• **ASSIGNMENT**: Your answer should be exactly the lines from the one that contains "Prague as your next travel destination" through the final line of the entries below, and nothing else.

Source data
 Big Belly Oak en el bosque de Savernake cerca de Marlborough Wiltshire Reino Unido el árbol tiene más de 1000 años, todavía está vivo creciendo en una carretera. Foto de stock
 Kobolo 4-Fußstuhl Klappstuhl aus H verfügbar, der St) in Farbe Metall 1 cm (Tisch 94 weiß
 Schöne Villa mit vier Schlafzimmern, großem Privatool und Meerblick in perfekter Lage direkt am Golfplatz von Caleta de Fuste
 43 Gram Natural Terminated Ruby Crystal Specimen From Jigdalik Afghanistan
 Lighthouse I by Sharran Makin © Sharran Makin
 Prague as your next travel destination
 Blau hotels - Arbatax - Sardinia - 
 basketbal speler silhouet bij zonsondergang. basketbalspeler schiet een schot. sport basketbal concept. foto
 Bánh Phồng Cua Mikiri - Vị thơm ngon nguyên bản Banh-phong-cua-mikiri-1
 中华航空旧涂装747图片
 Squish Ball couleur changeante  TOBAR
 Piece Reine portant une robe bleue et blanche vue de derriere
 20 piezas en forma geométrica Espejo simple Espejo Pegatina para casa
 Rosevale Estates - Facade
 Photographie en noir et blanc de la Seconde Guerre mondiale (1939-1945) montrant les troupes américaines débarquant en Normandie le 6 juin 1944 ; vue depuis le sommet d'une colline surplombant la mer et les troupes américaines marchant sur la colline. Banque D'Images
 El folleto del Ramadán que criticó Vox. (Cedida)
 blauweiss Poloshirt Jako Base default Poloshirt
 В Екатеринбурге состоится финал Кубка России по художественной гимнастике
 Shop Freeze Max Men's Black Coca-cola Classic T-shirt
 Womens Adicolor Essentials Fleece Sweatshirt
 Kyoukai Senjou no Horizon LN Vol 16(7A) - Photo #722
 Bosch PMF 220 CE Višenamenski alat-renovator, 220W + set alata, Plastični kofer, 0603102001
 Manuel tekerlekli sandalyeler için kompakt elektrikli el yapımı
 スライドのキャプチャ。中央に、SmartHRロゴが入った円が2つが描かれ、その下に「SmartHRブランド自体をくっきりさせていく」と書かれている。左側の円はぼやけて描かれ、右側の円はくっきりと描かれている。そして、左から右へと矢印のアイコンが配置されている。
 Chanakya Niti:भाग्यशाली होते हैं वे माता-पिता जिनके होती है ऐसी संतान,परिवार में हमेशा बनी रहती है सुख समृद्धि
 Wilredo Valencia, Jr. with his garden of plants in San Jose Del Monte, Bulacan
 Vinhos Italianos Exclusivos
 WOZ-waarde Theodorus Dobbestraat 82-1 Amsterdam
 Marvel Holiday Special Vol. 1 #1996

• **RESULT FOR THIS EXERCISE**:
 Prague as your next travel destination
 Blau hotels - Arbatax - Sardinia - 
 basketbal speler silhouet bij zonsondergang. basketbalspeler schiet een schot. sport basketbal concept. foto
 Bánh Phồng Cua Mikiri - Vị thơm ngon nguyên bản Banh-phong-cua-mikiri-1
 中华航空旧涂装747图片
 Squish Ball couleur changeante  TOBAR
 Piece Reine portant une robe bleue et blanche vue de derriere
 20 piezas en forma geométrica Espejo simple Espejo Pegatina para casa
 Rosevale Estates - Facade
 Photographie en noir et blanc de la Seconde Guerre mondiale (1939-1945) montrant les troupes américaines débarquant en Normandie le 6 juin 1944 ; vue depuis le sommet d'une colline surplombant la mer et les troupes américaines marchant sur la colline. Banque D'Images
 El folleto del Ramadán que criticó Vox. (Cedida)
 blauweiss Poloshirt Jako Base default Poloshirt
 В Екатеринбурге состоится финал Кубка России по художественной гимнастике
 Shop Freeze Max Men's Black Coca-cola Classic T-shirt
 Womens Adicolor Essentials Fleece Sweatshirt
 Kyoukai Senjou no Horizon LN Vol 16(7A) - Photo #722
 Bosch PMF 220 CE Višenamenski alat-renovator, 220W + set alata, Plastični kofer, 0603102001
 Manuel tekerlekli sandalyeler için kompakt elektrikli el yapımı
 スライドのキャプチャ。中央に、SmartHRロゴが入った円が2つが描かれ、その下に「SmartHRブランド自体をくっきりさせていく」と書かれている。左側の円はぼやけて描かれ、右側の円はくっきりと描かれている。そして、左から右へと矢印のアイコンが配置されている。
 Chanakya Niti:भाग्यशाली होते हैं वे माता-पिता जिनके होती है ऐसी संतान,परिवार में हमेशा बनी रहती है सुख समृद्धि
 Wilredo Valencia, Jr. with his garden of plants in San Jose Del Monte, Bulacan
 Vinhos Italianos Exclusivos
 WOZ-waarde Theodorus Dobbestraat 82-1 Amsterdam
 Marvel Holiday Special Vol. 1 #1996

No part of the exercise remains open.